NOTE: The first bachelor's degree major reported by respondents was used to classify their field of study, even though they were able to report a second bachelor's degree major and may possess advanced degrees in other fields. STEM fields of study, as defined here, include agriculture and natural resources, architecture, biology and biomedical sciences, computer and information sciences, engineering and engineering technologies, health studies, mathematics and statistics, and physical and social sciences. Aggregated occupation classifications were used to assemble the data, except that managers of STEM activities were counted as practitioners of STEM occupations instead of "Business workers/managers." Reporting standards for Pacific Islanders and American Indians/Alaska Natives were not met; therefore, data for these groups are not shown. Detail may not sum to totals because of rounding. Race categories exclude persons of Hispanic ethnicity.
SOURCE: U.S. Department of Commerce, Census Bureau, American Community Survey (ACS), 2012. See Digest of Education Statistics 2014, table 505.31.

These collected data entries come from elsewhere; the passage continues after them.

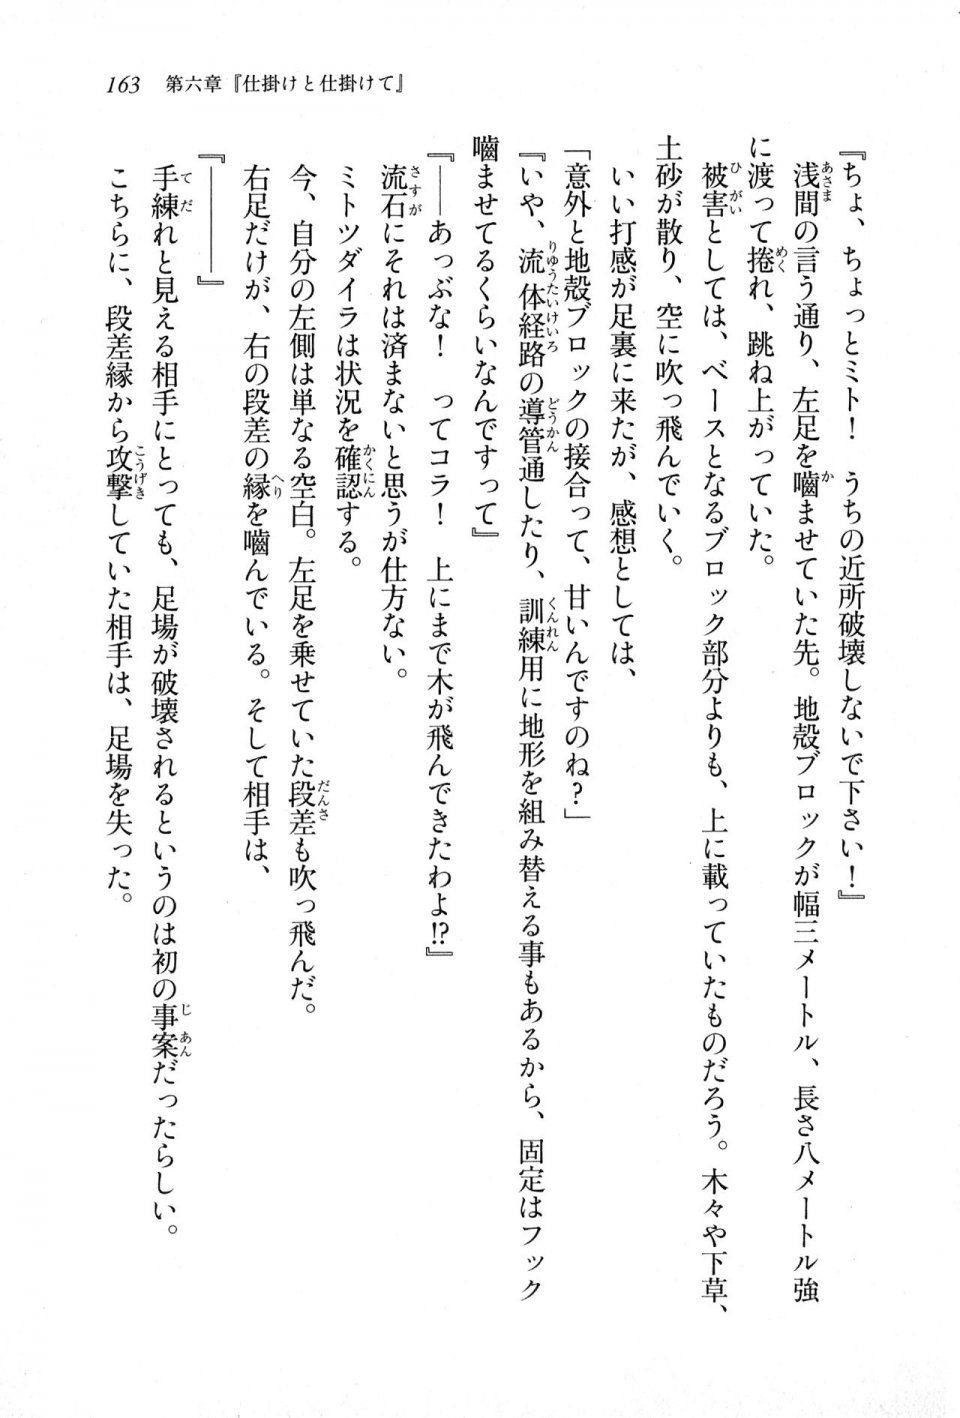 Kyoukai Senjou no Horizon LN Sidestory Vol 1 - Photo #161
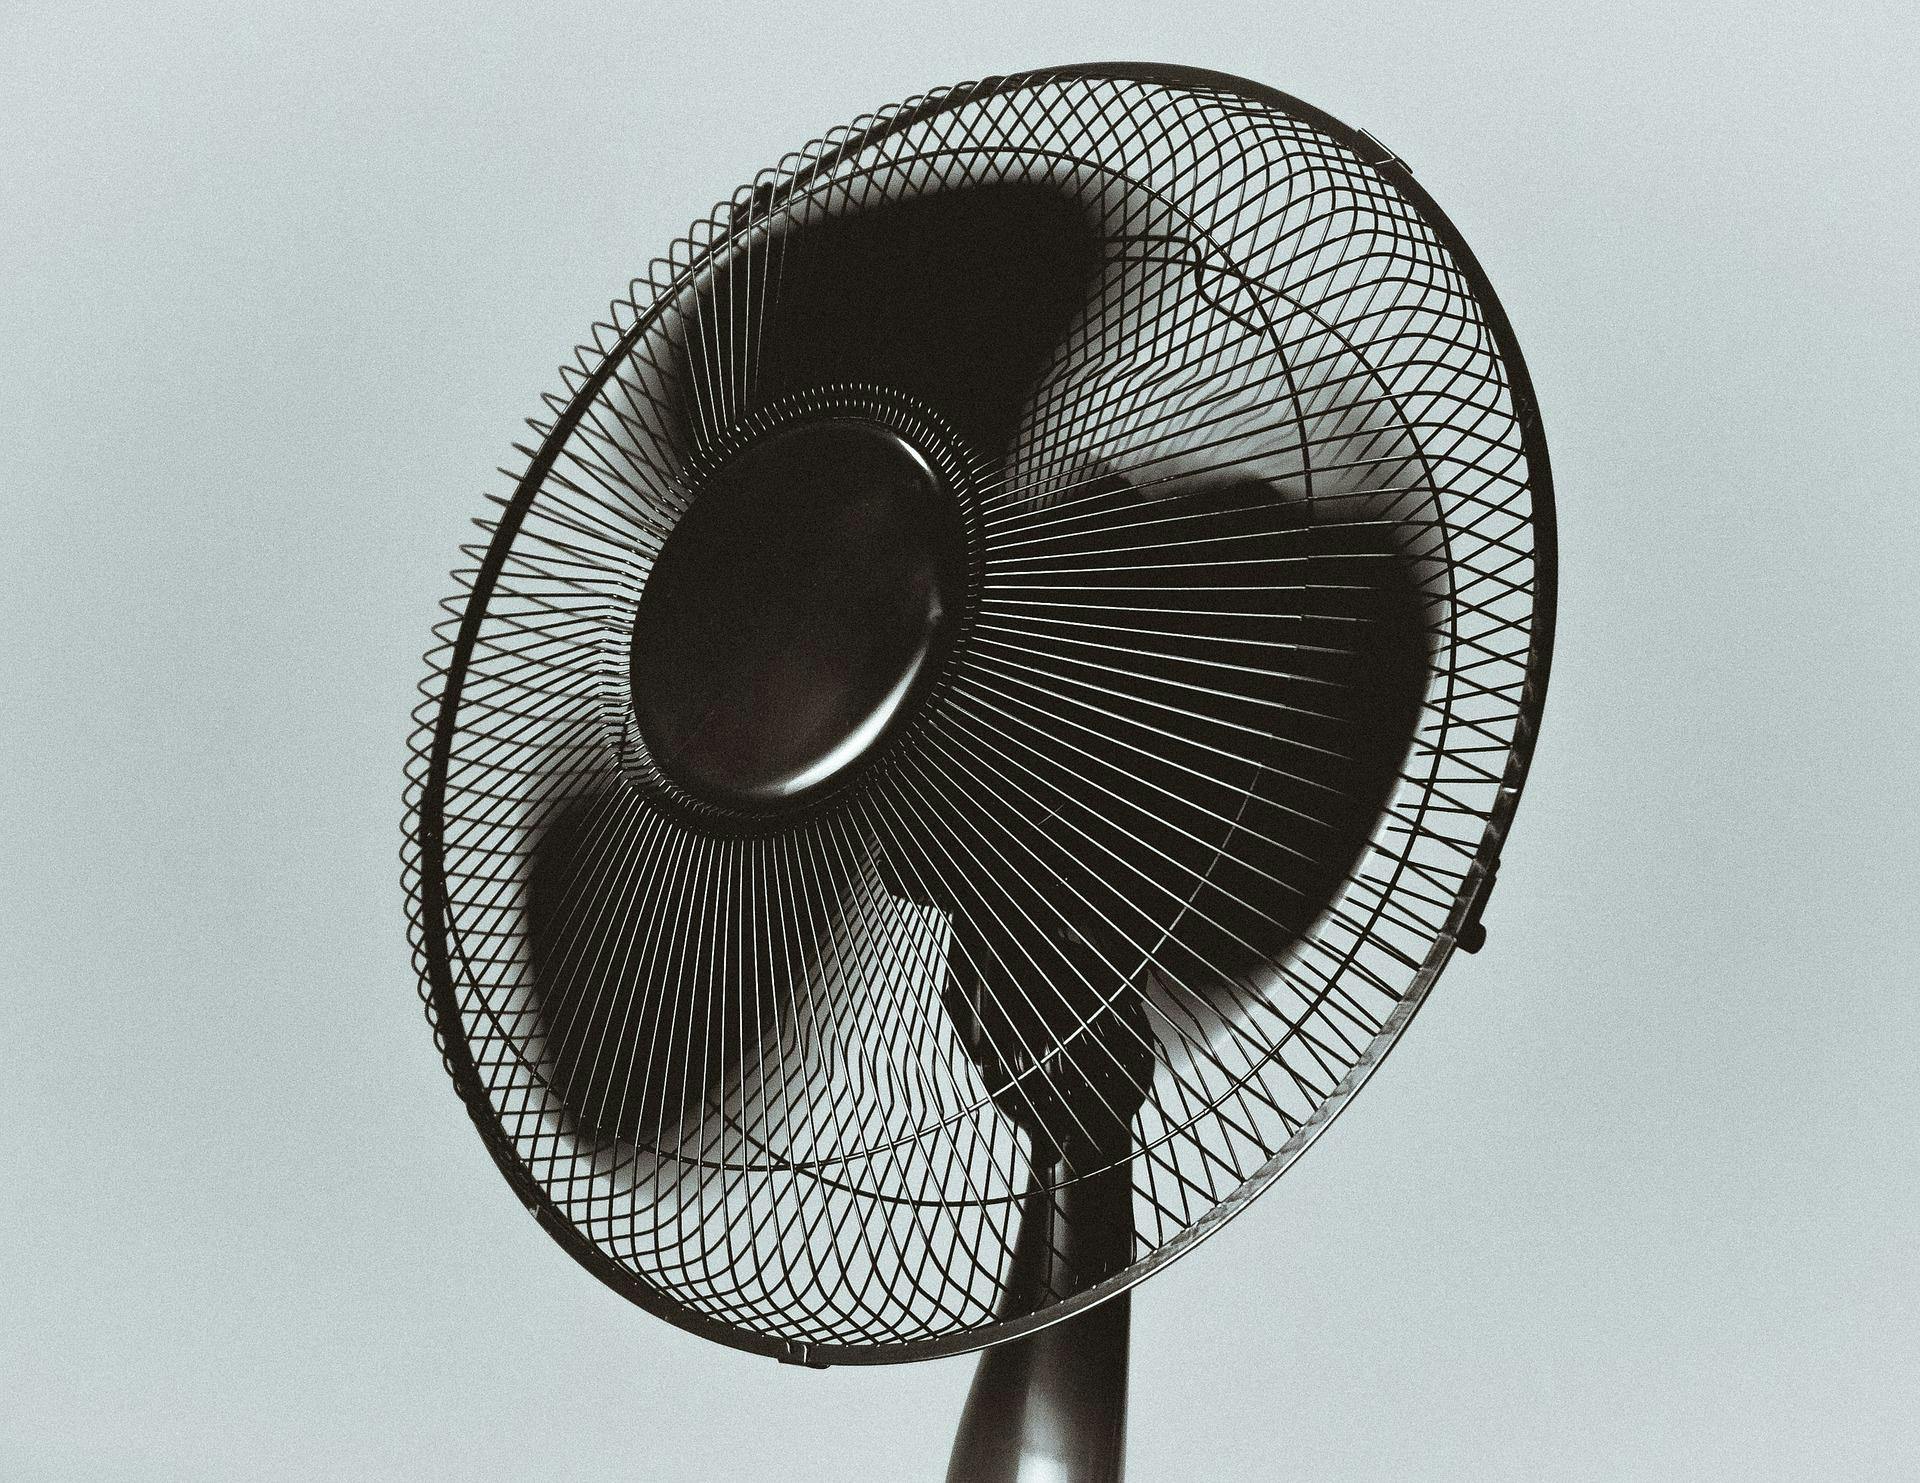 Just a regular old fan.
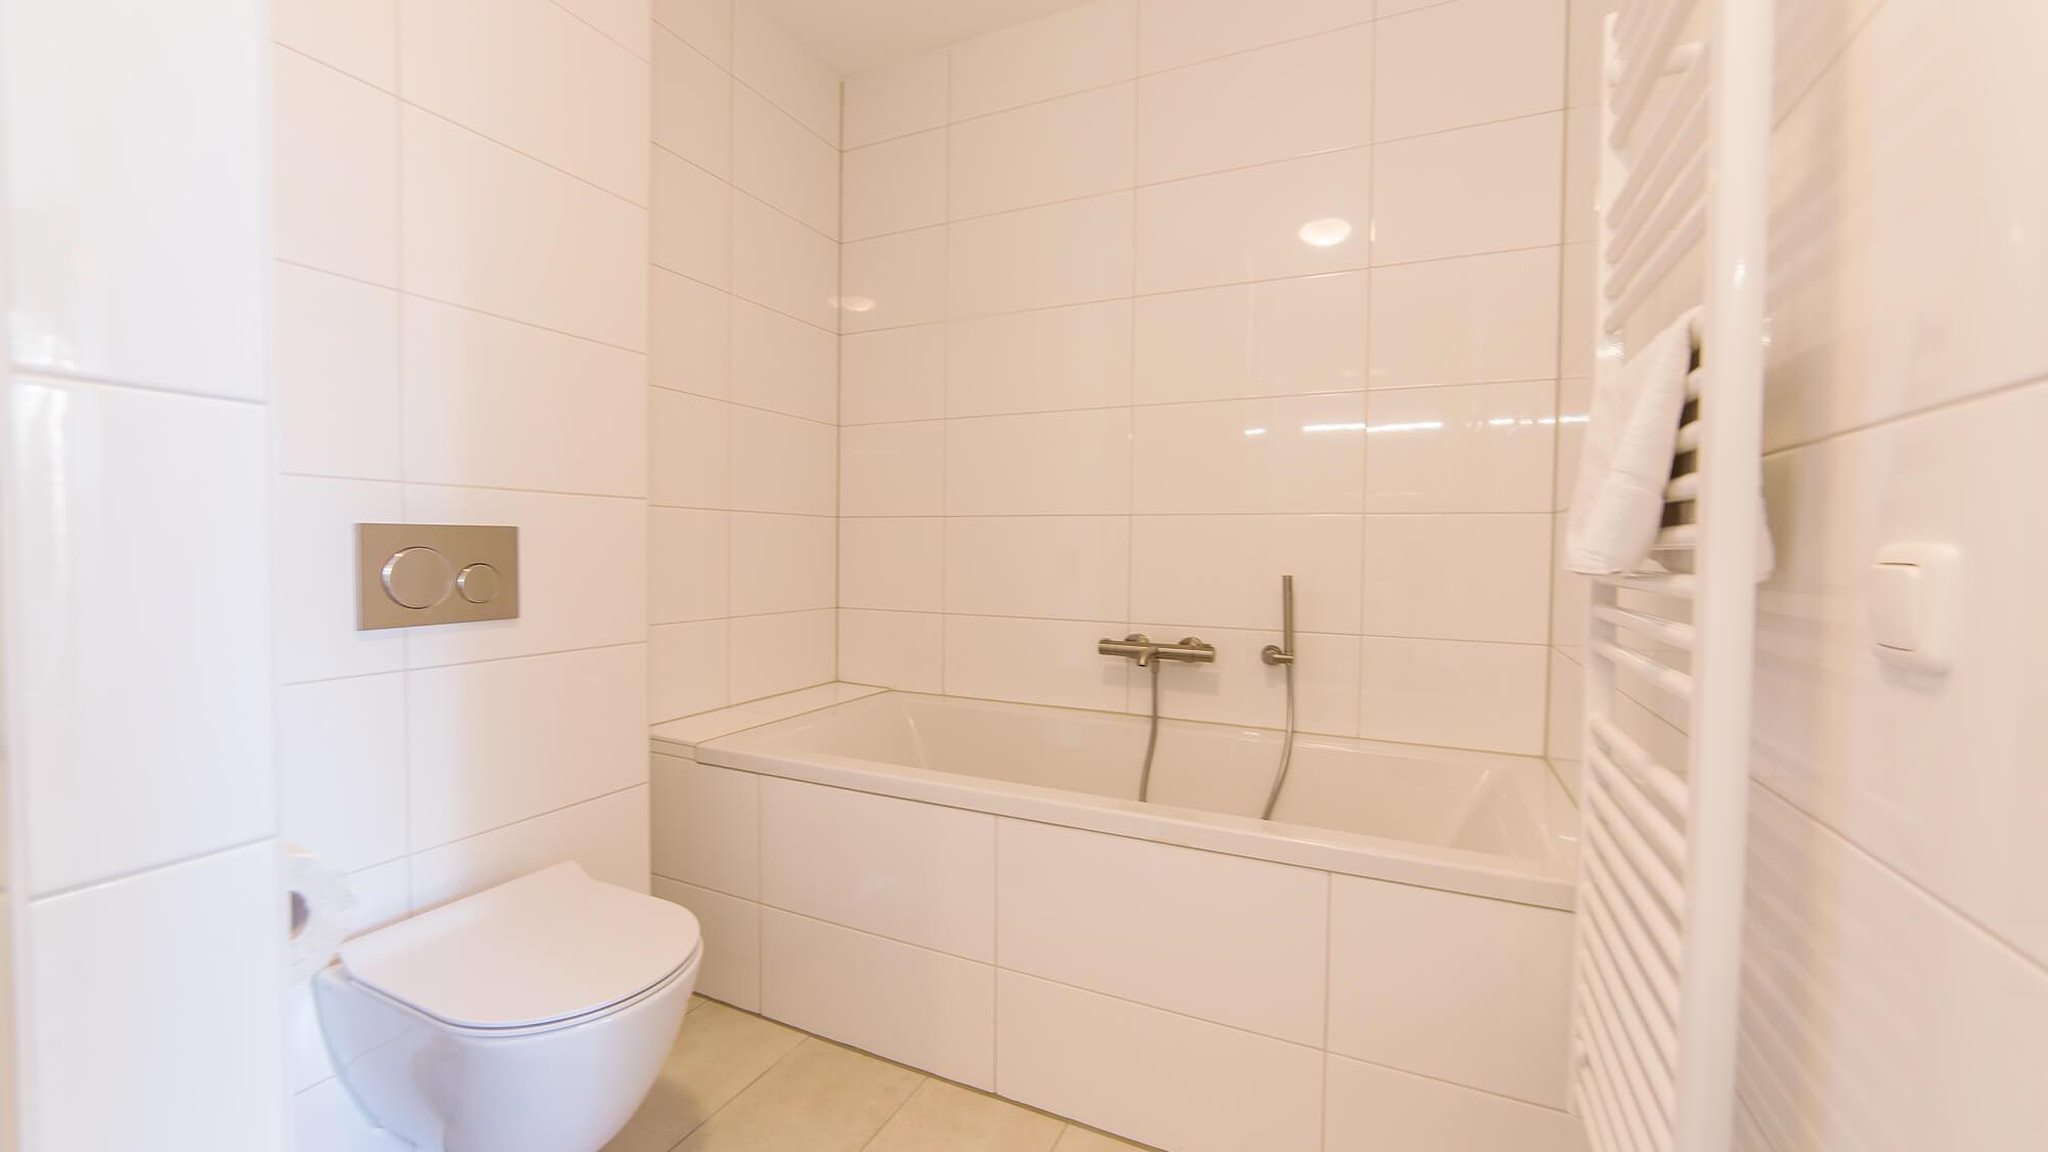 Hertogenvilla wellness waterfront - 3 bedrooms / 3 bathrooms

In 2012, about 21 percent of young adult STEM graduates were employed as medical professionals, 19 percent as business workers or managers, 13 percent as computer scientists or mathematicians, 9 percent as engineers or architects, 9 percent as educators, and 5 percent as life, physical, or social scientists.

Among young adult STEM graduates in 2012, a higher percentage of males than of females were employed as computer scientists or mathematicians (20 vs. 6 percent) and engineers or architects (14 vs. 3 percent), while a higher percentage of females than of males were employed as medical professionals (32 vs. 10 percent). These patterns held across all racial/ethnic groups for which data were available. There was no measurable difference between the percentages of males and females who were employed as life, physical, or social scientists overall; however, the percentage was higher for females than for males among Asians (6 vs. 5 percent).

Among young adult STEM graduates in 2012, a higher percentage of males than of females were employed as business workers or managers (22 vs. 16 percent), and the same pattern was observed among Whites (23 vs. 16 percent), Blacks (24 vs. 17 percent), and Hispanics (20 vs. 16 percent). In contrast, a higher percentage of females than of males were employed as educators overall (10 vs. 7 percent), as well as among Whites (10 vs. 7 percent), Hispanics (13 vs. 7 percent), and young adults of Two or more races (14 vs. 8 percent).